= Bill Andrews (photographer) =

American surfer and photographer

Bill Andrews (1944-2017) was a surfer, documentary photographer/videographer, and archivist. During his daily reportage of modern surf culture, Andrews archived over 20,000 surf-related photographs and videos. Some of his work has been preserved online.

Andrews grew up surfing in La Jolla, California. He caught his first wave in 1957 at La Jolla Shores Beach. By the early sixties, he had joined the line-up at Windansea Beach, and with other local surfers, he helped establish Black's Beach as a world class break. The Surfer's Journal calls Andrews the “first Black’s local”, a considerable accomplishment given the difficult trail or long paddle to access Black's Beach at that time. In 1965 Andrews’ reputation landed him on the cover of Surfer magazine. The Ron Stoner photograph shows Andrews crouched and gliding on infinite wave face glass at Black's.

With time, Andrews' long-lived and vocal presence, in and out of the water, made him something of a surf sage. He was cited in numerous articles and videos on surf history including "Welcome to Windansea" by Chris Ahrens, "The Strange Disappearance of Ron Stoner" by Matt Warshaw, PHOTO/STONER by Matt Warshaw, and Ty Ponder's "Sea Level Pressure." Andrews has also appeared in "Magnificent Obsessions" on Voom Network, "Southern California Son" by James Weaver, and "Core La Jolla Shores" by Fred Stoughton.

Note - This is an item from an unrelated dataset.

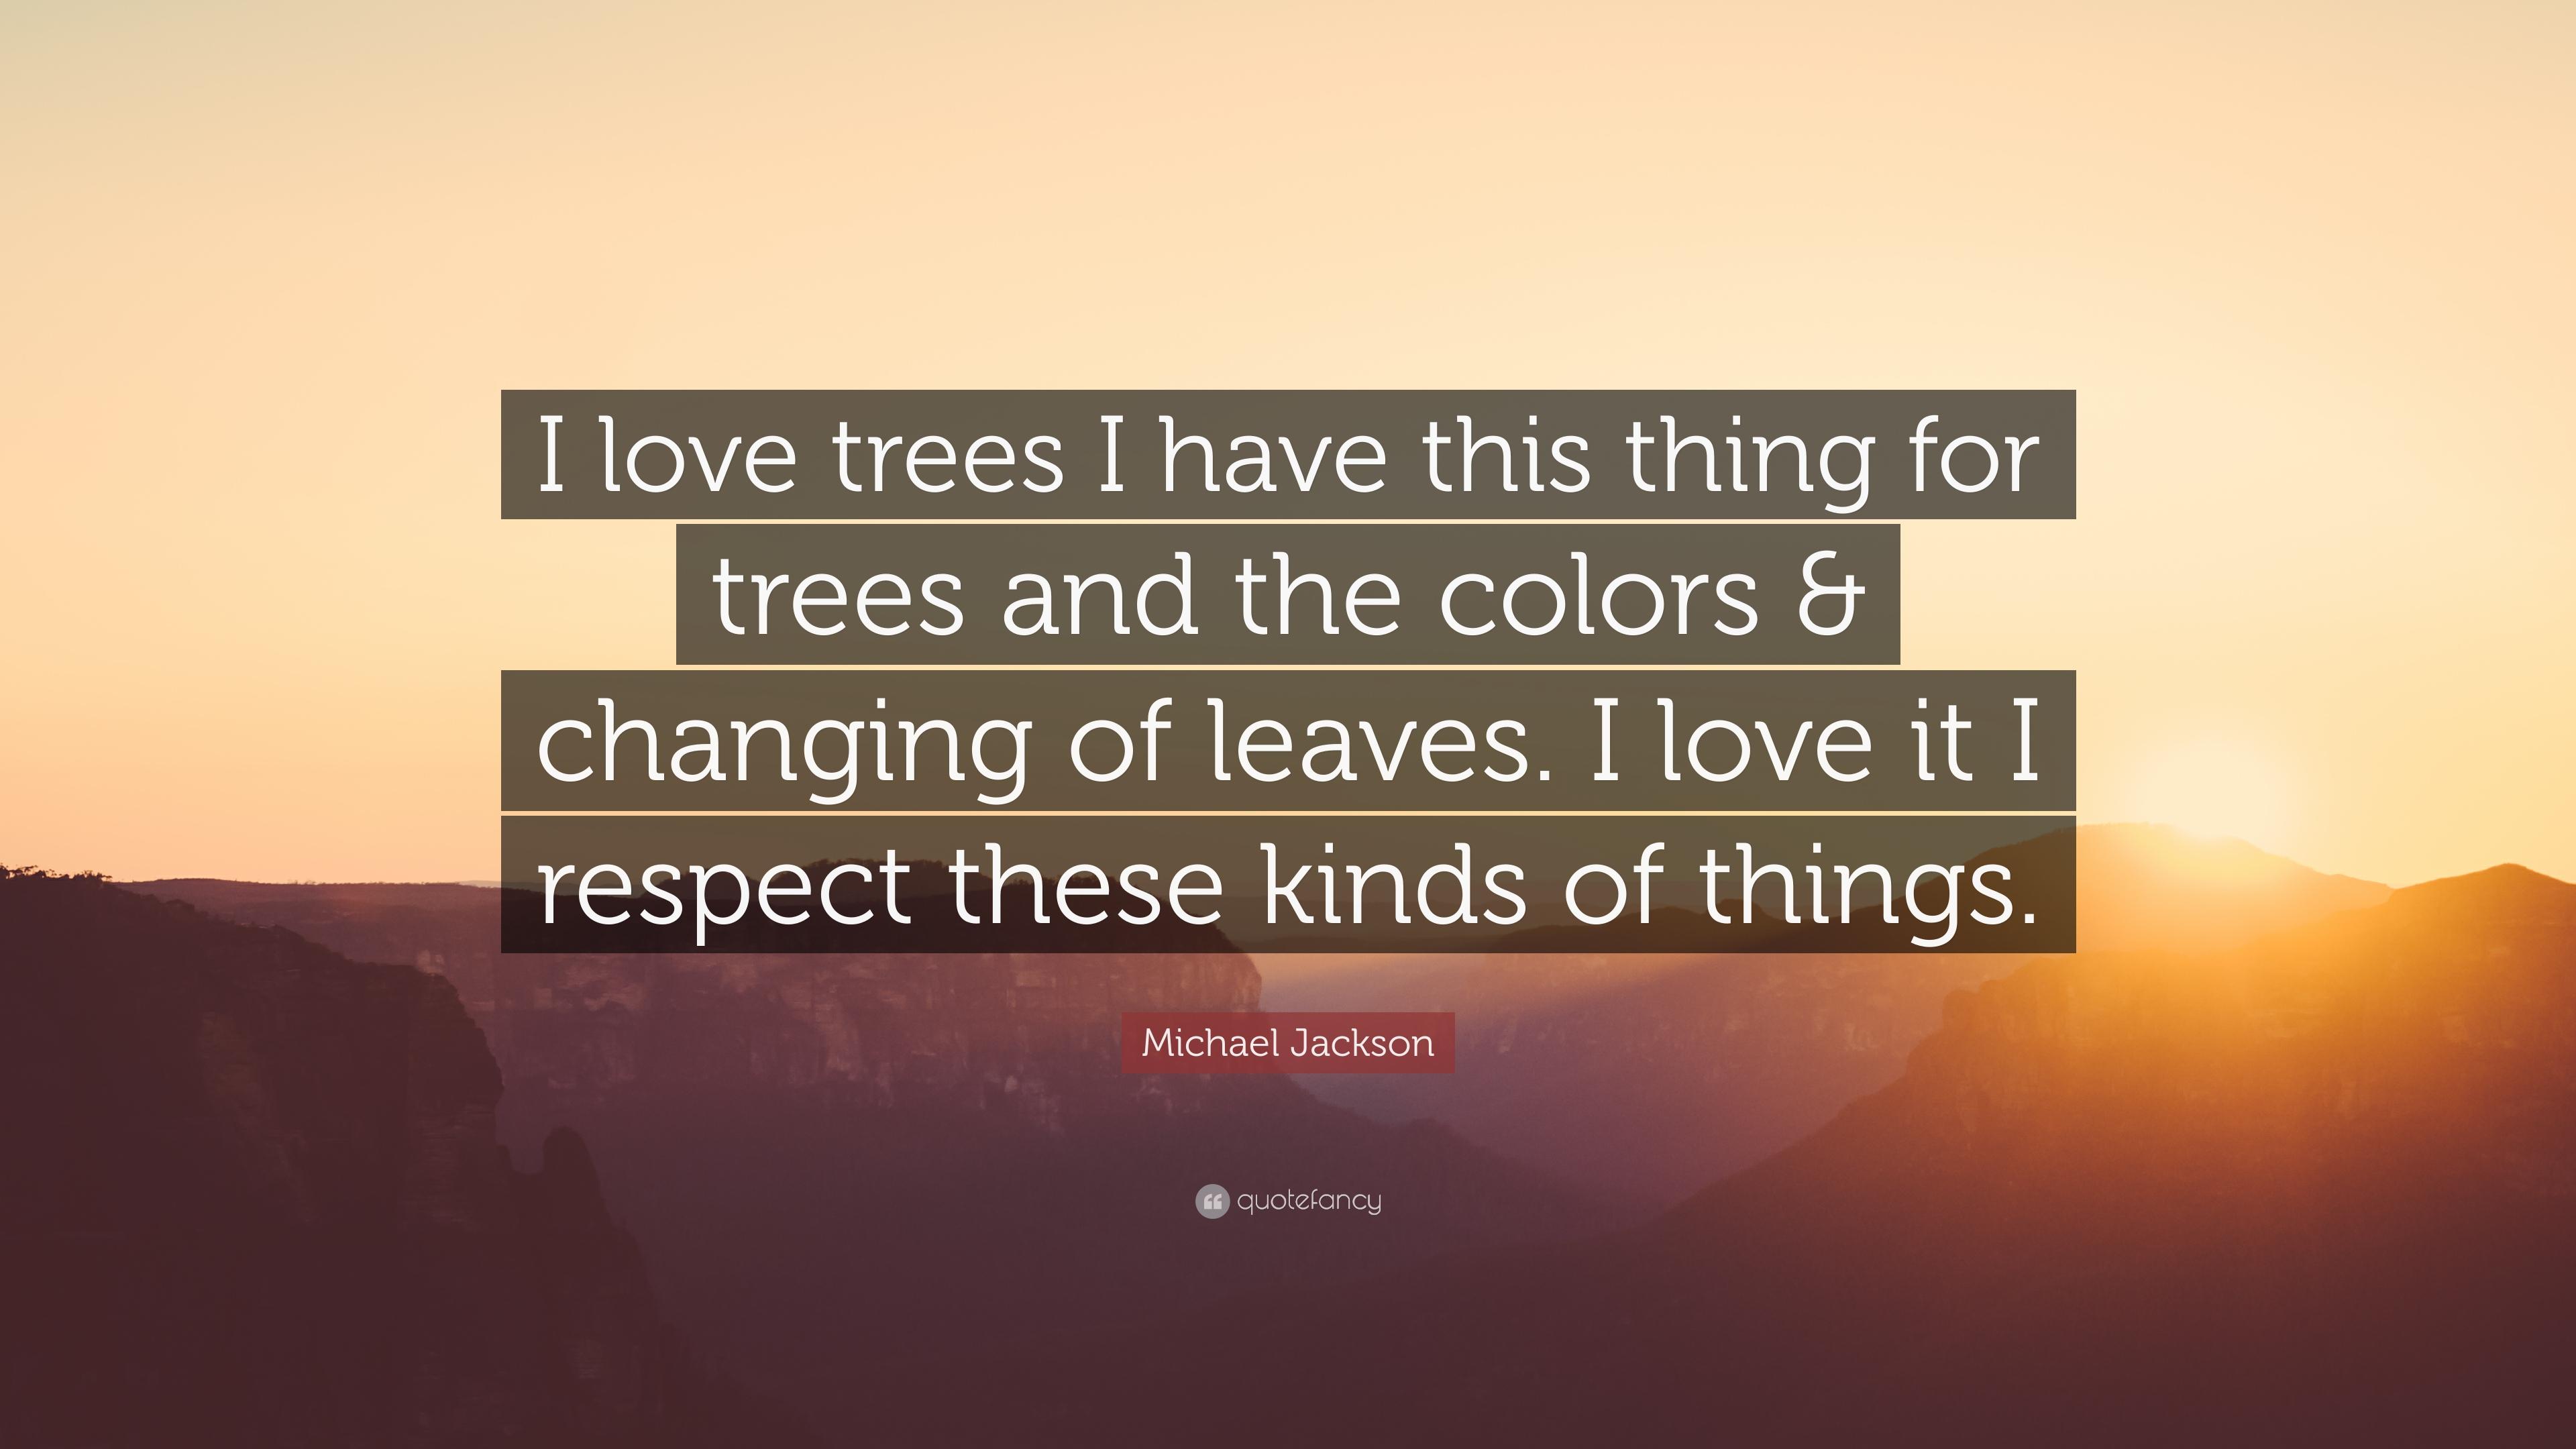 Michael Jackson Quote: “I love trees I have this thing

In 2016 Andrews was diagnosed with ALS. Using a walker he designed himself and later, a motorized wheelchair he also customized, Andrews continued to frequent his favorite beaches. Local media broadcast his story to a new audience, calling him a legendary surfer and one of the last great watermen. Bill Andrews died 26 October 2017. An announcement by SURFER ends in Andrews' own words, “Every day spent surfing was worth it, and I wouldn’t change a thing.”